‘Sisterhood of Swans’ brims with emotion, experience and invisible gravity abyss

Adding that though she cannot speak to the universality of womanhood, by and large, women still yearn for a mate with whom they’ll find fulfilment… Selma Carvalho speaks with Sukant Deepak

For a long time, the idea of a woman in early adulthood making disastrous decisions had been knocking in her head. The scene where Anna-Marie and Sanjay are waiting at the bus stop and Anna-Marie decides to go home with him is the genesis of the book. “Perhaps people can relate to the base instinct which informs our desires,” she smiles.

There is a conscious style at play that comes effortlessly in the book. There is a certain trust in the reader to understand the radical acts that seem so effortless. In British-Asian Selma Carvalho’s exquisite fiction ‘Sisterhood of Swans’ (Speaking Tiger) brimming with emotion, and not just experience, somewhere exists an invisible gravity abyss you cannot resist.

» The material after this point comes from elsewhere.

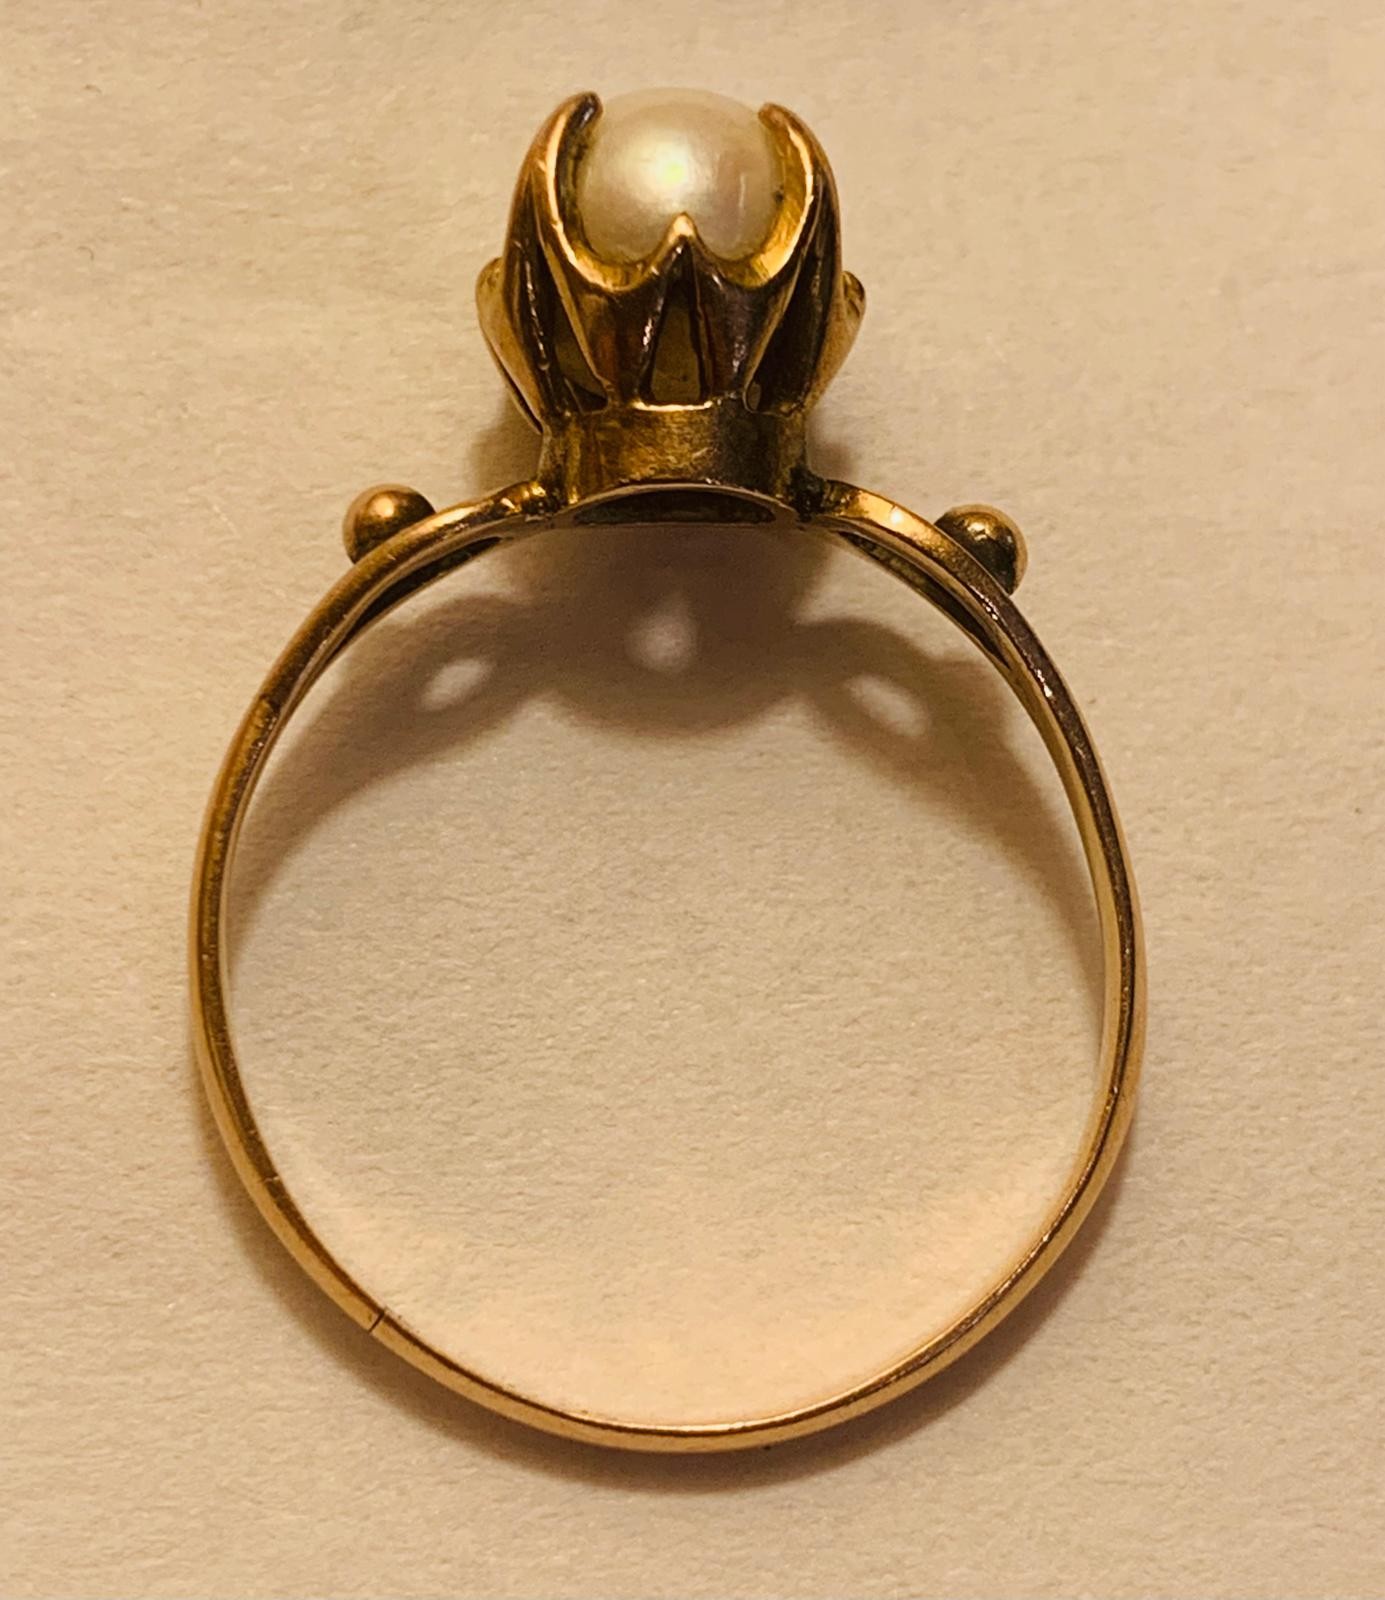 18ct GOLD RING SET WITH NATURAL PEARL, HAS BEEN RESIZED, SIZE Q, TOTAL WEIGHT APPROX 2.29g - Image 5 of 5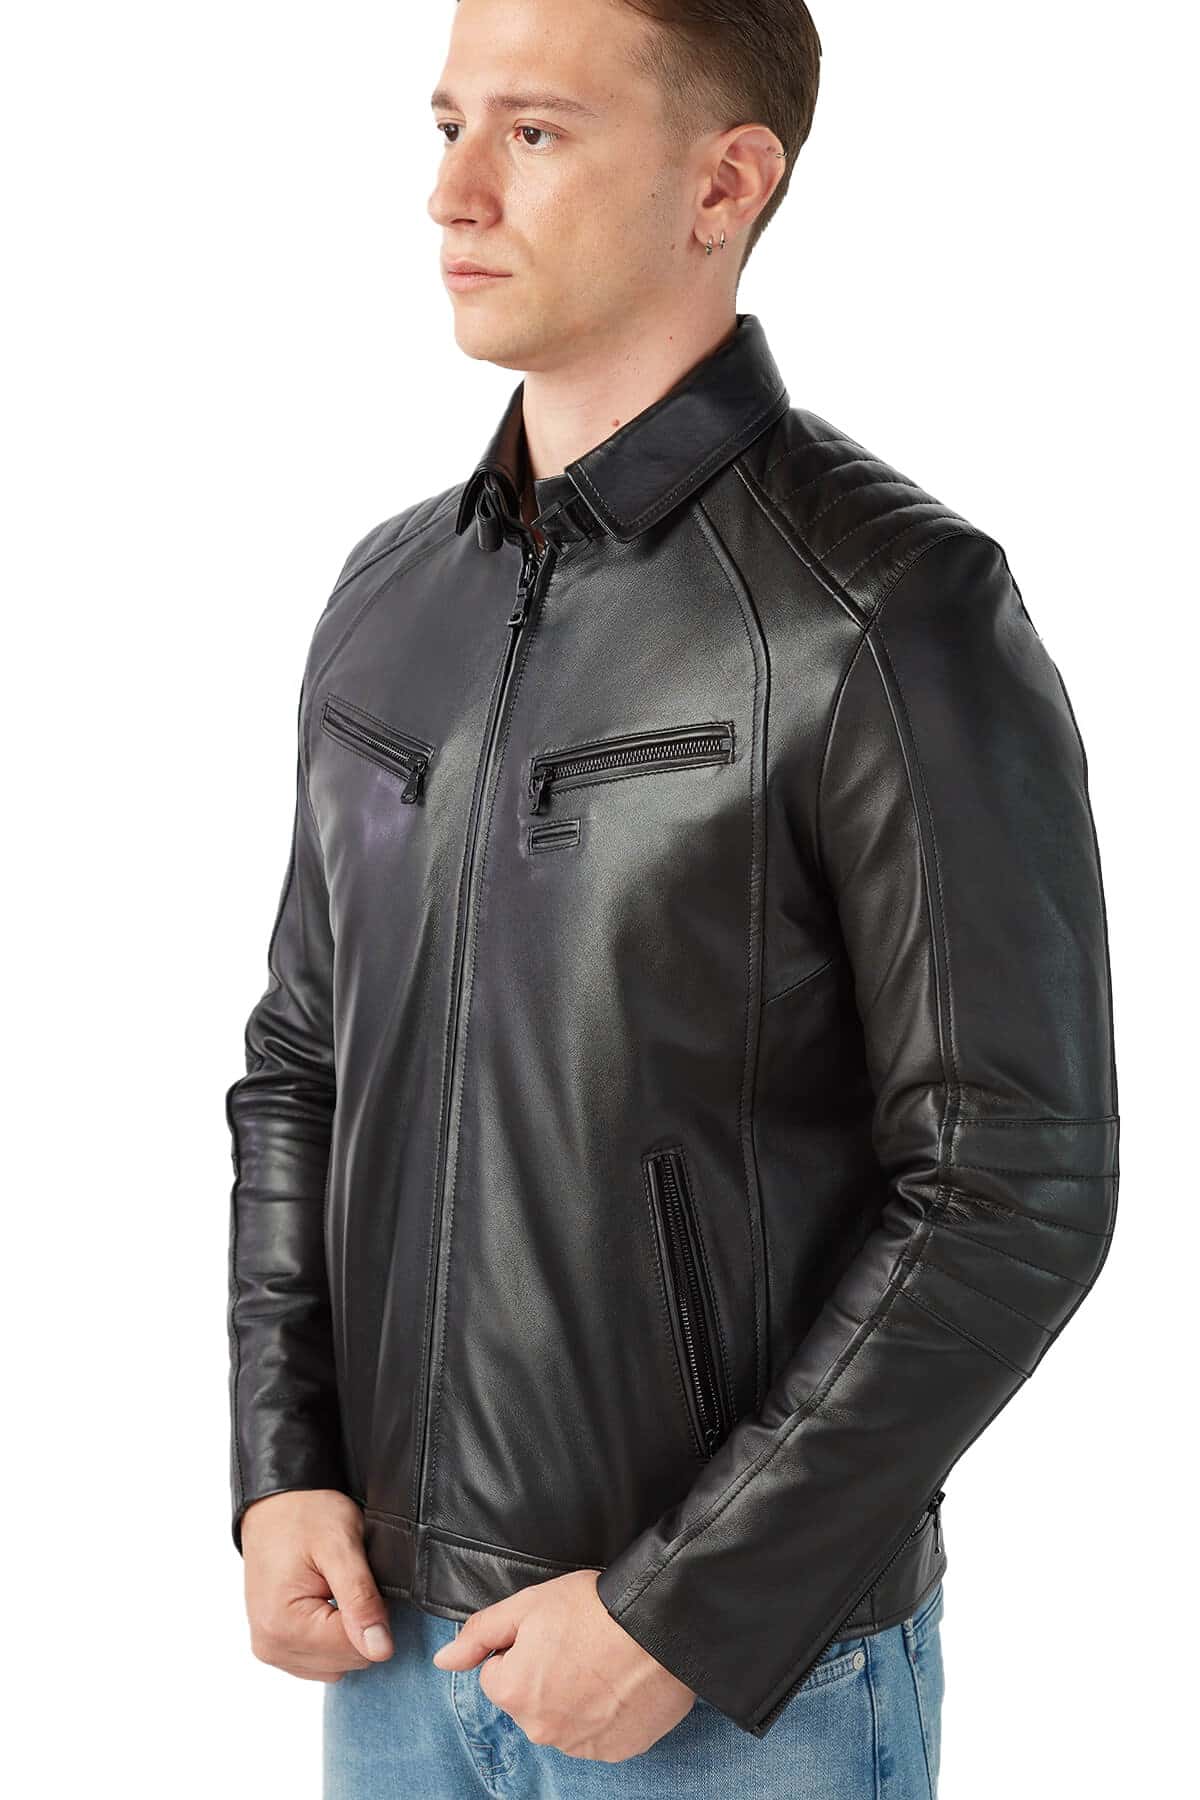 Carlo Men's 100 % Real Black Leather Jacket

This may be Carvalho debut fiction work, but even her non-fiction floated in a lyrical style. “Most Goan histories emerge from academics, as they should, where the writing is often dense. I wanted to write accessible narratives about my particular area of research which is the Goan presence in colonial East Africa,” she tells  and credits writer Maria Aurora Couto, who took her under the wing and encouraged Carvalho to venture into fiction.

Believing that the short story is the gateway form into literary writing as it allows one the opportunity to hone one’s craft and validates the writer fairly quickly, she remembers being consistently shortlisted in literary contests in the UK, to the point where she had about forty-odd long/short listings on my writer’s bio.

“The publishers of this book acquired the rights to my collection of short stories which had been a finalist for the SI Leeds Literary Prize. They then encouraged me to write a novel. Sisterhood of Swans is my first long-form publication,” she says.

Adding that though she cannot speak to the universality of womanhood, by and large, women still yearn for a mate with whom they’ll find fulfilment.

“‘We belong to the sisterhood of swans seeking to pair for life our species is doomed to disappointment.’ The second line from where the title emerges is the more telling line. Given the complexity of the human condition, a soulmate or even a long-term mate is often a fiction of the imagination. Human relationships are complex organisms with a myriad of conflicting desires. Long-term monogamy is a many-tentacled monster,” she says.

Even though she has lived in the United States for several years, and now in the UK for almost fourteen years, the author says she essentially belong to the Arabian Gulf diaspora, which doesn’t allow for any sense of citizenry. Thus, she grew up within a Goan milieu, always with Goa as her centripetal location, and yet from infancy informed by the diversity which prevails in the Gulf.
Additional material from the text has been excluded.